Records shown:
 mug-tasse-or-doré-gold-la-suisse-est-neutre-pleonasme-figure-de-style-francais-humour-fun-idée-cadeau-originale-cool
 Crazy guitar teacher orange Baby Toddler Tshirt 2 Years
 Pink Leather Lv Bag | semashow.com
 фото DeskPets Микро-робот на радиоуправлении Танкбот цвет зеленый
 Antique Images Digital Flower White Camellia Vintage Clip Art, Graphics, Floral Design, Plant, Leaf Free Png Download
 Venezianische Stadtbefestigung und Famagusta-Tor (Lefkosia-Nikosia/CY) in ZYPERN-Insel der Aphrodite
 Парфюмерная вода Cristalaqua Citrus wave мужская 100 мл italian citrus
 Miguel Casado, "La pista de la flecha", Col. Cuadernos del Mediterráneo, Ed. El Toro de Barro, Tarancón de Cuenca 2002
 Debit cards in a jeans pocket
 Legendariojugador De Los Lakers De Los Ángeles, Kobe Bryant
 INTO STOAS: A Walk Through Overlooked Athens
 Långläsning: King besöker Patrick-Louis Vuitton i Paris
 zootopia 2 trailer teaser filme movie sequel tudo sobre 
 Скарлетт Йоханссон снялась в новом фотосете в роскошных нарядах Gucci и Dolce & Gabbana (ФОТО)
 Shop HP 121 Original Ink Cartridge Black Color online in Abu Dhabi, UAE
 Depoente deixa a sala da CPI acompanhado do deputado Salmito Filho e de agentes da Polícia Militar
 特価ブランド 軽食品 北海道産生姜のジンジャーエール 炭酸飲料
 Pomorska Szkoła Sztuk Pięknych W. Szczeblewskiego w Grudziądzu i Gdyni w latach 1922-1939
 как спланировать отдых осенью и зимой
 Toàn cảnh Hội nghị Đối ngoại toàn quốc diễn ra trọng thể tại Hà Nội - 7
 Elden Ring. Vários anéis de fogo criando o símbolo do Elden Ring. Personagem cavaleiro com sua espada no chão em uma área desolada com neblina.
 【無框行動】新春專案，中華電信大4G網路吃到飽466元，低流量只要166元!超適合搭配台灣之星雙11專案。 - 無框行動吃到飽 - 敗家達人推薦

Exercise requirements:
Restate the material word for word, keeping every line intact.

Solution to this task:
 mug-tasse-or-doré-gold-la-suisse-est-neutre-pleonasme-figure-de-style-francais-humour-fun-idée-cadeau-originale-cool
 Crazy guitar teacher orange Baby Toddler Tshirt 2 Years
 Pink Leather Lv Bag | semashow.com
 фото DeskPets Микро-робот на радиоуправлении Танкбот цвет зеленый
 Antique Images Digital Flower White Camellia Vintage Clip Art, Graphics, Floral Design, Plant, Leaf Free Png Download
 Venezianische Stadtbefestigung und Famagusta-Tor (Lefkosia-Nikosia/CY) in ZYPERN-Insel der Aphrodite
 Парфюмерная вода Cristalaqua Citrus wave мужская 100 мл italian citrus
 Miguel Casado, "La pista de la flecha", Col. Cuadernos del Mediterráneo, Ed. El Toro de Barro, Tarancón de Cuenca 2002
 Debit cards in a jeans pocket
 Legendariojugador De Los Lakers De Los Ángeles, Kobe Bryant
 INTO STOAS: A Walk Through Overlooked Athens
 Långläsning: King besöker Patrick-Louis Vuitton i Paris
 zootopia 2 trailer teaser filme movie sequel tudo sobre 
 Скарлетт Йоханссон снялась в новом фотосете в роскошных нарядах Gucci и Dolce & Gabbana (ФОТО)
 Shop HP 121 Original Ink Cartridge Black Color online in Abu Dhabi, UAE
 Depoente deixa a sala da CPI acompanhado do deputado Salmito Filho e de agentes da Polícia Militar
 特価ブランド 軽食品 北海道産生姜のジンジャーエール 炭酸飲料
 Pomorska Szkoła Sztuk Pięknych W. Szczeblewskiego w Grudziądzu i Gdyni w latach 1922-1939
 как спланировать отдых осенью и зимой
 Toàn cảnh Hội nghị Đối ngoại toàn quốc diễn ra trọng thể tại Hà Nội - 7
 Elden Ring. Vários anéis de fogo criando o símbolo do Elden Ring. Personagem cavaleiro com sua espada no chão em uma área desolada com neblina.
 【無框行動】新春專案，中華電信大4G網路吃到飽466元，低流量只要166元!超適合搭配台灣之星雙11專案。 - 無框行動吃到飽 - 敗家達人推薦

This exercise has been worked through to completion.